**About this task:** Skip the pictures. Output only the lines below starting at the line with "DIY Guide to" and ending at the line with "MOSPRO Smart Body Fat Weight Scale", both ends included, exactly as they are.

**Supplied data:**
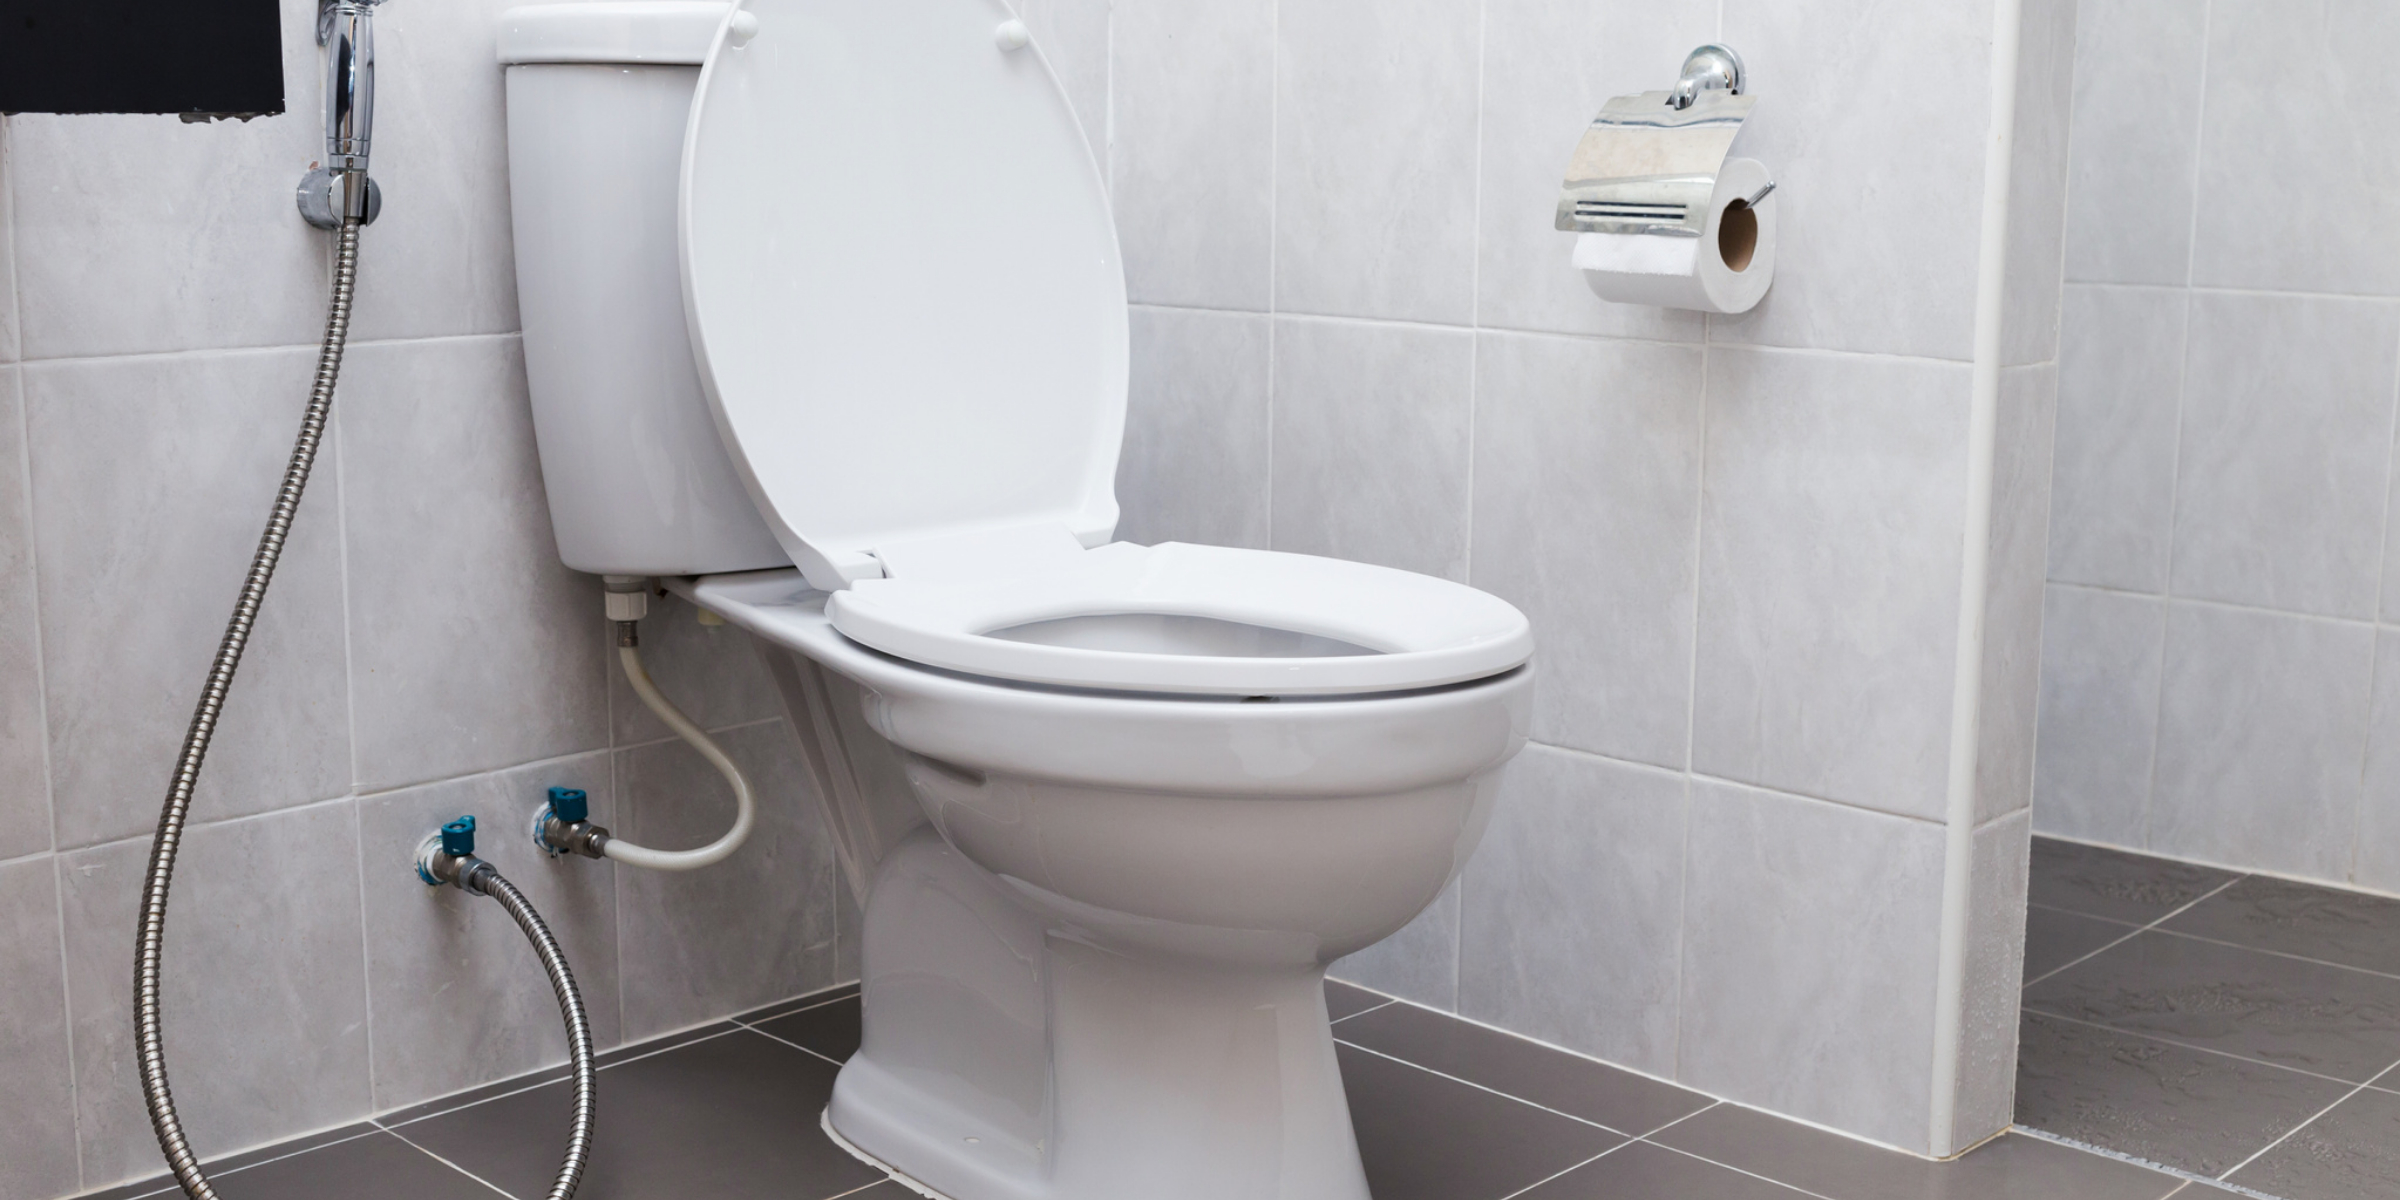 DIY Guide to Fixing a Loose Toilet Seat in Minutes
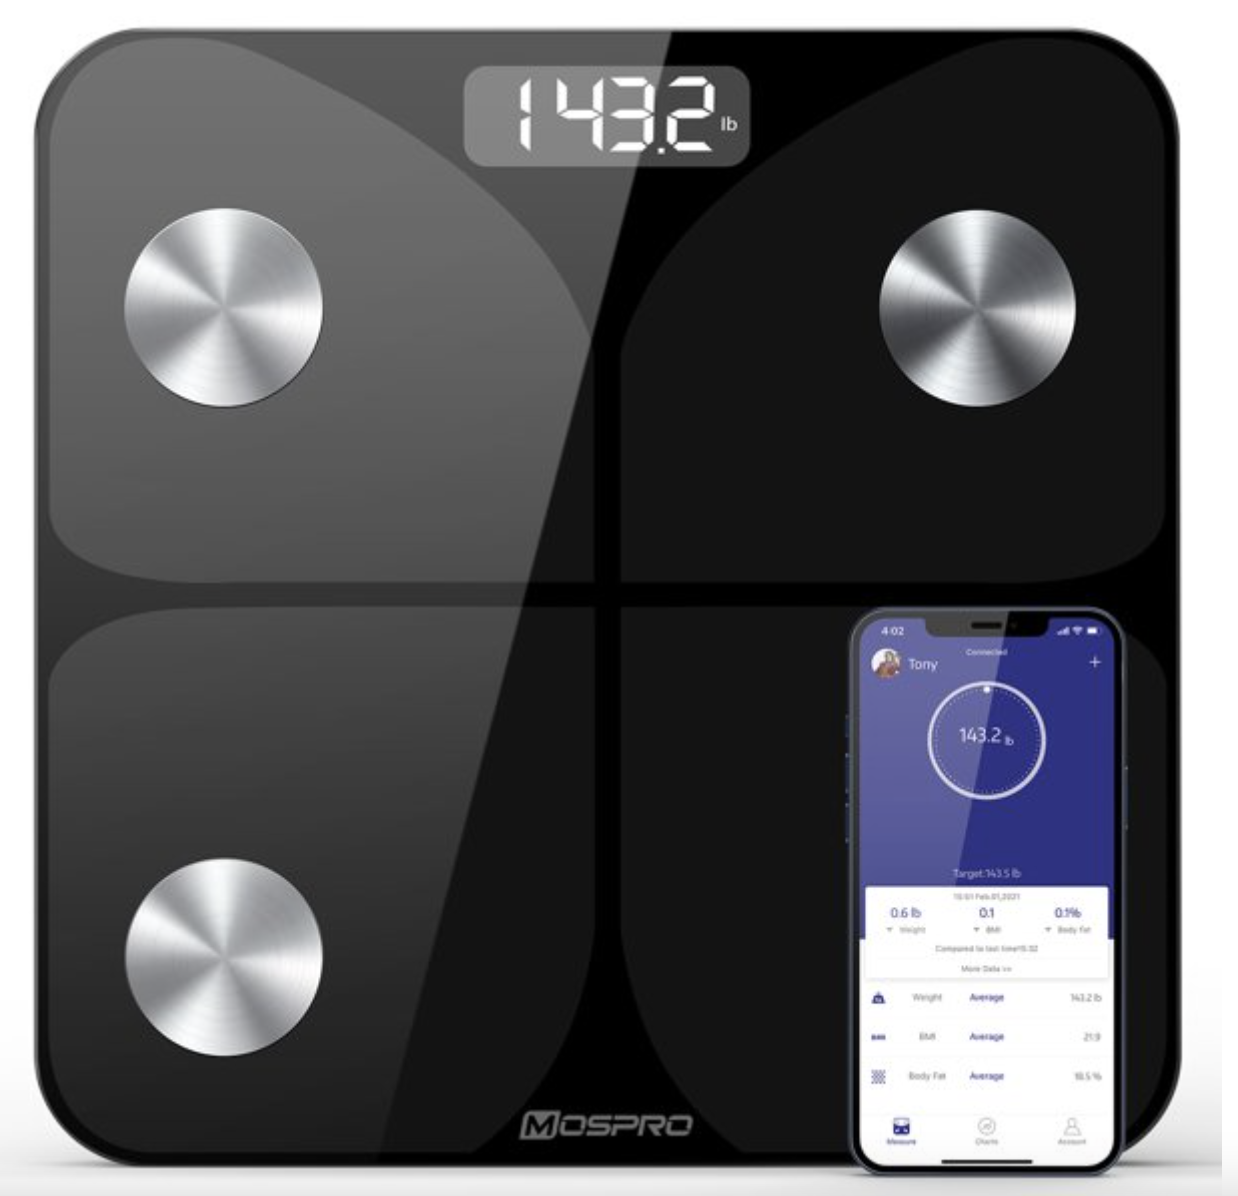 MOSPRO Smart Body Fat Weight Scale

...

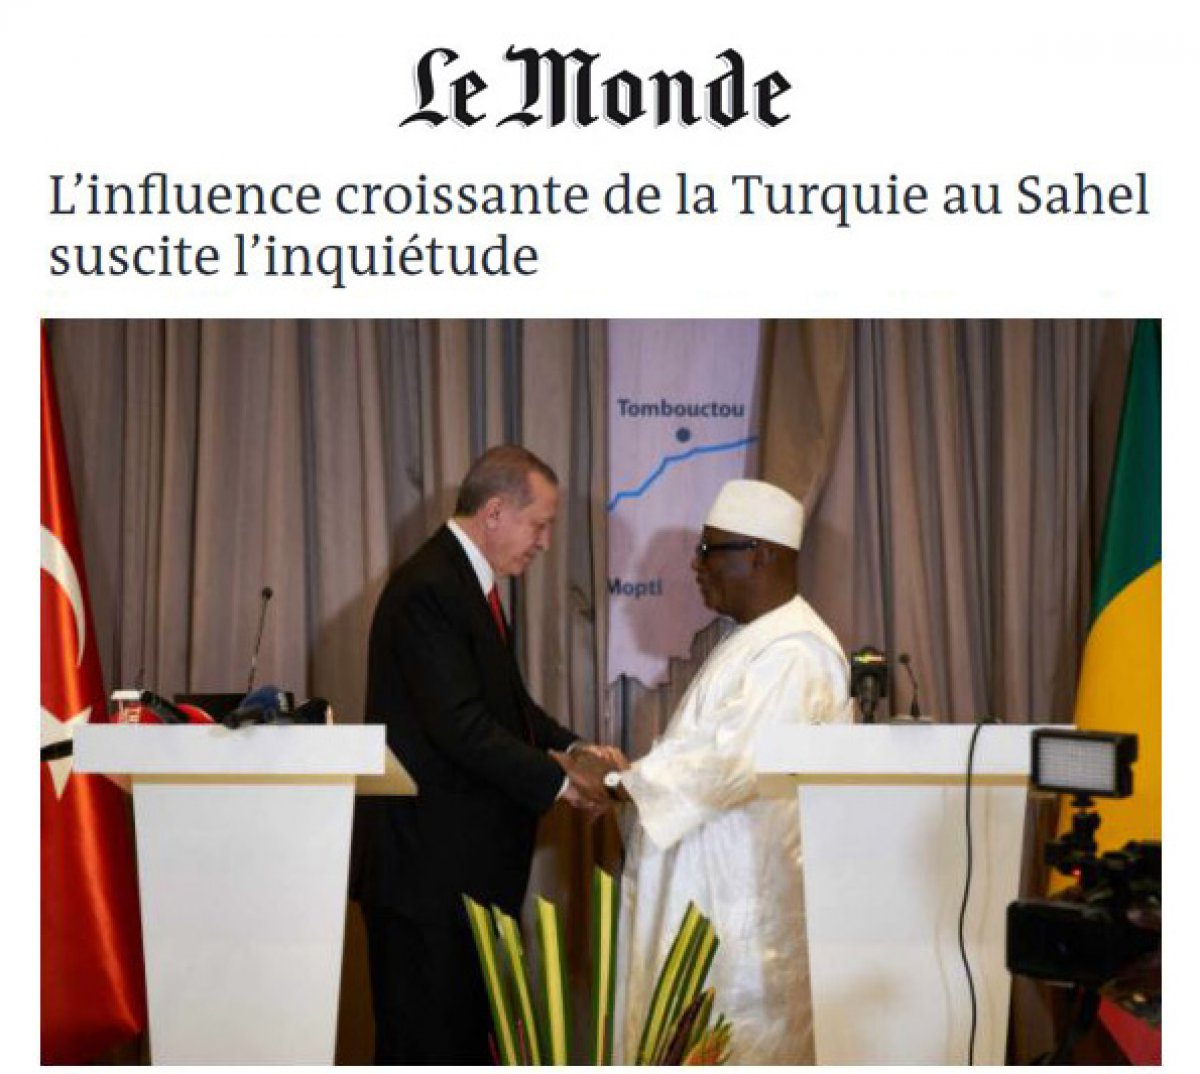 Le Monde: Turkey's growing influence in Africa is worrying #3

**Written answer:**
 DIY Guide to Fixing a Loose Toilet Seat in Minutes
 MOSPRO Smart Body Fat Weight Scale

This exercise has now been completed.